We have to face an interesting challenge of how to incorporate our machine learning algorithms into Netflix's data-driven A/B testing culture. Our response is to do both offline testing and online testing. Offline testing is an online test before we optimize and validate our algorithms. To measure the offline performance of the algorithm, we have adopted a number of indicators in the field of machine learning: sequencing indicators such as NDCG (normalized discounted cumulative gain), mean reciprocal rank, fraction of Concordant pairs, there are also classification indicators, such as accuracy, precision, recall, f-score, we also use the famous prize in Netflix Rmse and other less commonly used indicators, such as dispersion (diversity). We track comparisons between these offline and online effects and find that their trends are not exactly the same, so the offline indicator can only be used as a reference for the final decision.
Once the offline test validates a hypothesis, we are ready to design and publish A/b test, which is further validated by the user's feedback. If this step is passed, we will add it to our main system and provide services to all users. Explains the entire innovation cycle in detail.
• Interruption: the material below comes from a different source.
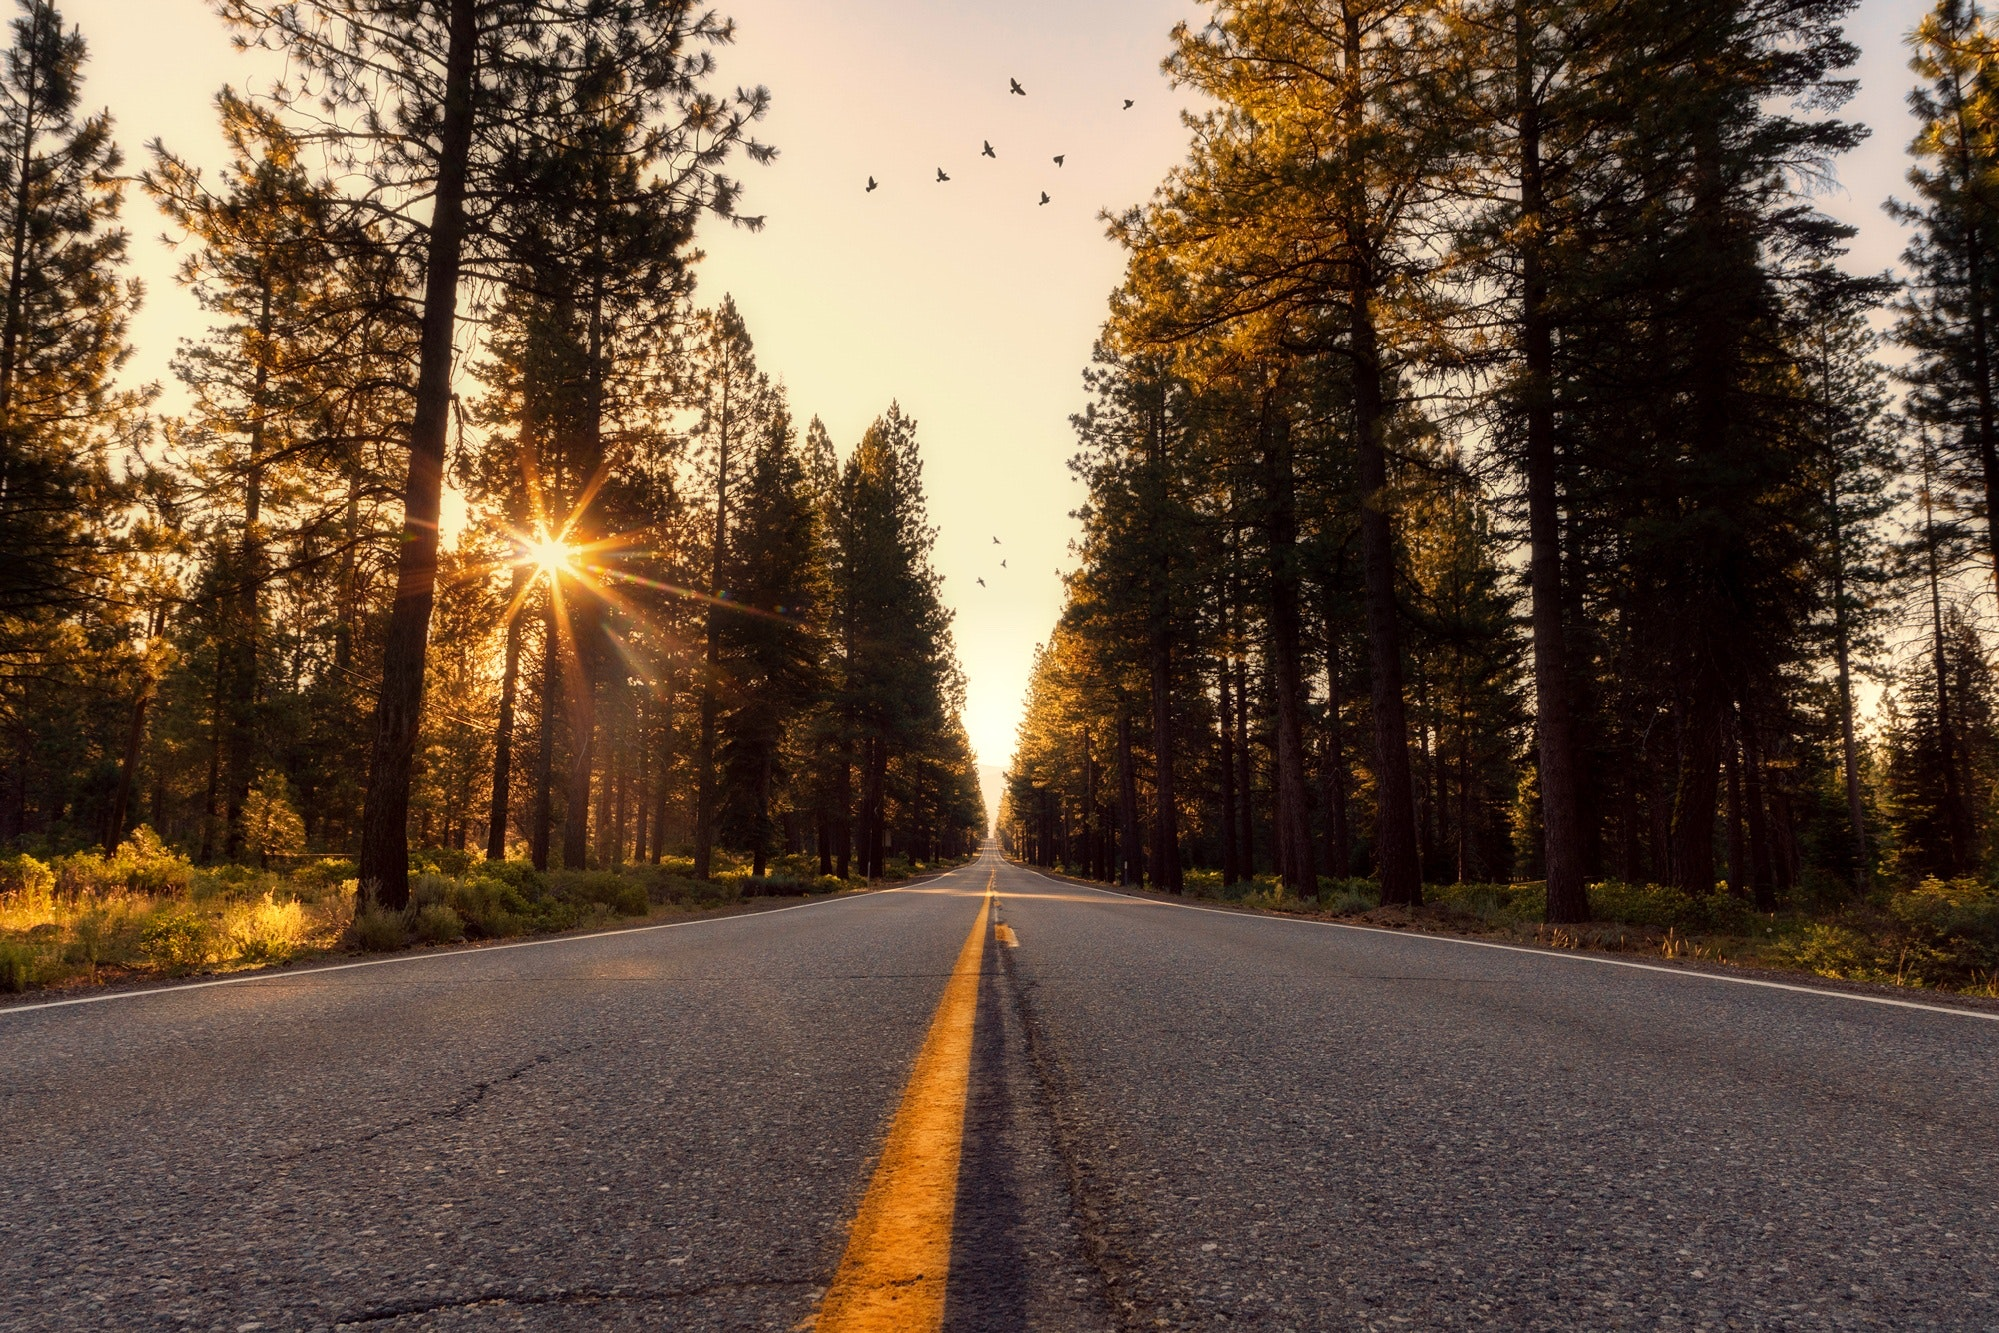 adventure-asphalt-california-533671.jpg

This innovation cycle has a strong example of what we call the "marathon of the first 10 rows of results" (TOP10 Marathon). This is a 10-week, highly focused, high-intensity work designed to quickly examine dozens of algorithms to improve the top 10 recommendations of the system. Different teams and individuals are invited together to contribute ideas and implement them programmatically. Each week, 6 different algorithms are driven to online A/B testing and are continuously evaluated for offline and online technical indicators. The algorithms that ultimately perform well become part of our recommendation system.
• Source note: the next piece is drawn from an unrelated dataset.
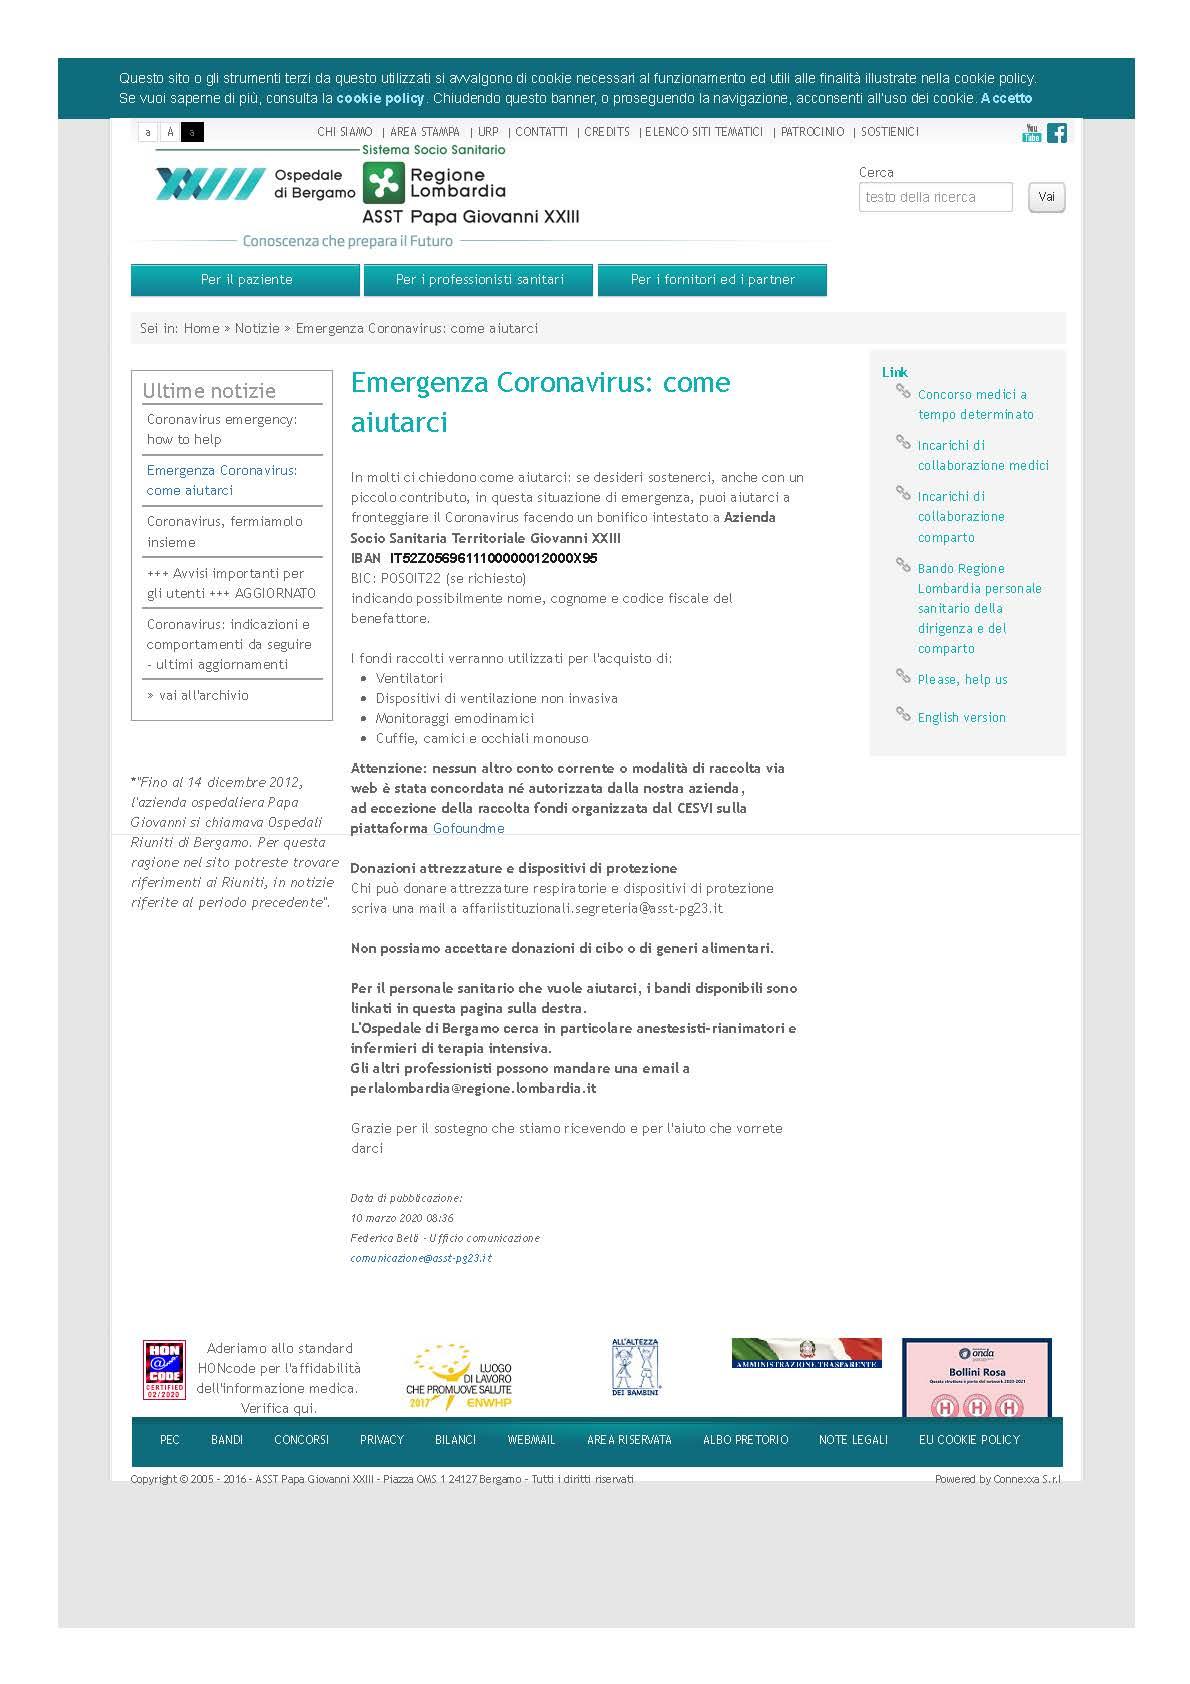 Cura e Ricerca _ Emergenza Coronavirus_ come aiutarci

ConclusionWhile Netflix prize the recommendation System task as a scoring prediction issue, scoring is just one of the many sources of data that is recommended by the system, and scoring forecasts are only part of our solution. Over the past few years, we have redefined the recommendation system task to increase the probability of users choosing videos, watching videos, enjoying our services, and becoming repeat customers. More data can lead to better results, but in order to achieve this goal, we must constantly optimize our approach, conduct reasonable evaluations, and quickly iterate. In order to build a leading personalized platform, only by our research is not enough, the system is still a large increase in space. At Netflix, we're passionate about picking, watching movies and episodes, and we're turning this passion into a powerful intuition for improving our systems: A thorough analysis of data, better features, more reasonable models and benchmarks, and the inadequacy of existing systems. We use data mining and other experimental methods to validate our intuition and to prioritize it, which is like any scientific discovery, and luck is important, but as the saying goes: Opportunity favors those who are prepared. Finally, we need to let our users evaluate our recommendation system, after all, our goal is to enhance the user experience on Netflix.